Windsor proceed to Liverpool on 4 June for repairs and refit. After completion of repairs, on 1 July 1940 she and HMS Vesper rescued 111 survivors of the British merchant ship Beignon, torpedoed and sunk by U-30 in the North Atlantic 300 nm west of Ushant.

Later in July Windsor joined the 16th Destroyer Flotilla with the Leader HMS Montrose and destroyers HMS Whitshed and Walpole, based at Harwich for convoy escort and patrol duty in the North Sea. On 28 October Windsor towed Walpole which had been disabled by a magnetic mine to Sheerness. On 8 December Windsor herself detonated a mine off Aldeburgh, Suffolk, and entered Chatham Dockyard for repairs.

Windsor’s repairs were completed on 24 April. In May she detached from her North Sea duties for service with the Home Fleet based at Scapa Flow. She escorted major warships, including the battleship HMS King George V, during exercises in the North Western Approaches. She rejoined the 16th DF at Harwich in July 1941.

By January 1942 the North Sea duties had begun to include operations to intercept German motor torpedo boats, S-Boats, known to the Allies as E-Boats, in the North Sea before they could mount attacks on allied ships. On 13 March the Windsor, Walpole, and the escort destroyers Blencathra, Calpe, and Fernie deployed in the English Channel to intercept the German merchant raider Michel sailing from Flushing in the Netherlands to German occupied France under escort by five torpedo boats and nine minesweepers.

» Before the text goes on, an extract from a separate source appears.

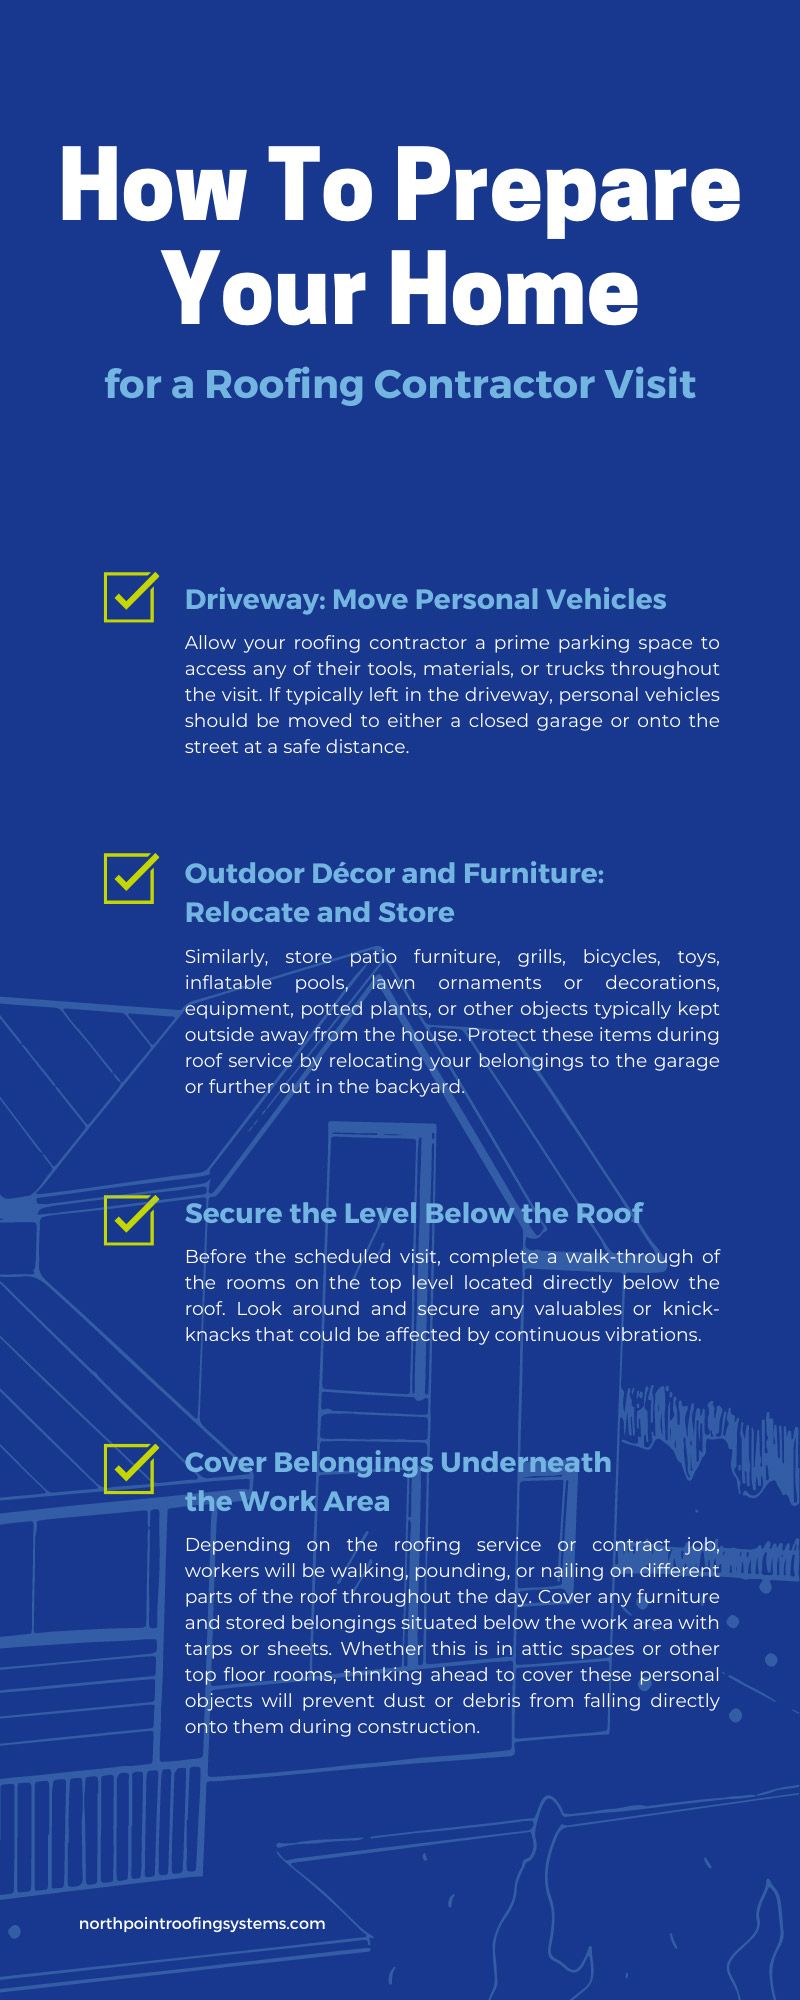 How To Prepare Your Home for a Roofing Contractor Visit

Windsor exchanged gunfire with the German ships on 14 March and made a torpedo attack, sustaining superficial damage from German gunfire.

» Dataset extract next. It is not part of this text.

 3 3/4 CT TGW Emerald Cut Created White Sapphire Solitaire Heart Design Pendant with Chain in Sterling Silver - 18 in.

Following the Warship Week National Savings campaign in March 1942 she was adopted by the civil community of the Urban District of Windsor, Berkshire.

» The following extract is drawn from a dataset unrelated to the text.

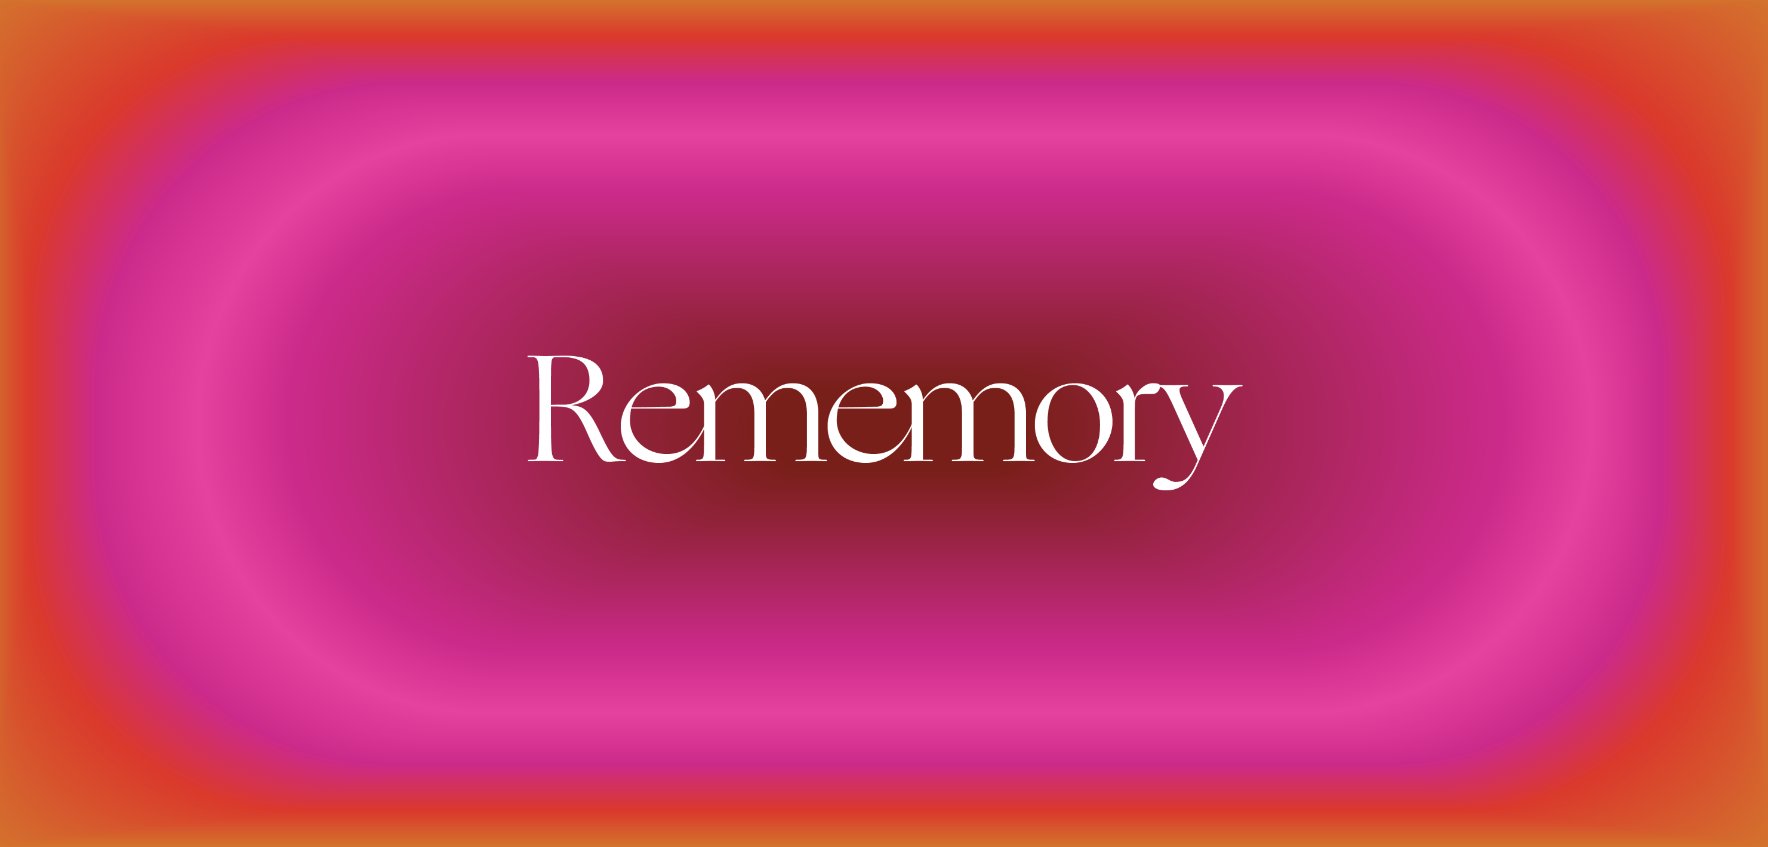 Rememory Directory is the Community for Black Women & Nonbinary Creatives to Reclaim Narratives

In August Montrose, Windsor, Walpole and Worcester detached for duty with the Home Fleet, and deployed in the North Western Approaches to escort major warships and conduct antisubmarine patrols. In September Windsor was assigned to escort Arctic convoys PQ 18 and QP 14 during their voyages to and from the Soviet Union. She joined the escort of PQ 18 on 8 September, but on 9 September she detached from the convoy to form Force P, consisting of Windsor, the escort destroyers Cowdray and Oakley, and the Royal Fleet Auxiliary tankers Blue Ranger and Oligarch. Force P proceeded to Lowe Sound at Spitsbergen to establish a fuelling base. Windsor operated as guard ship there from 12 September, to 21 September when refuelling operations were complete and she departed for Iceland, before rejoining the 16th DF on North Sea convoy and patrol duties. In December 1942 Windsor again detached for a tour of duty with the Home Fleet at Scapa Flow.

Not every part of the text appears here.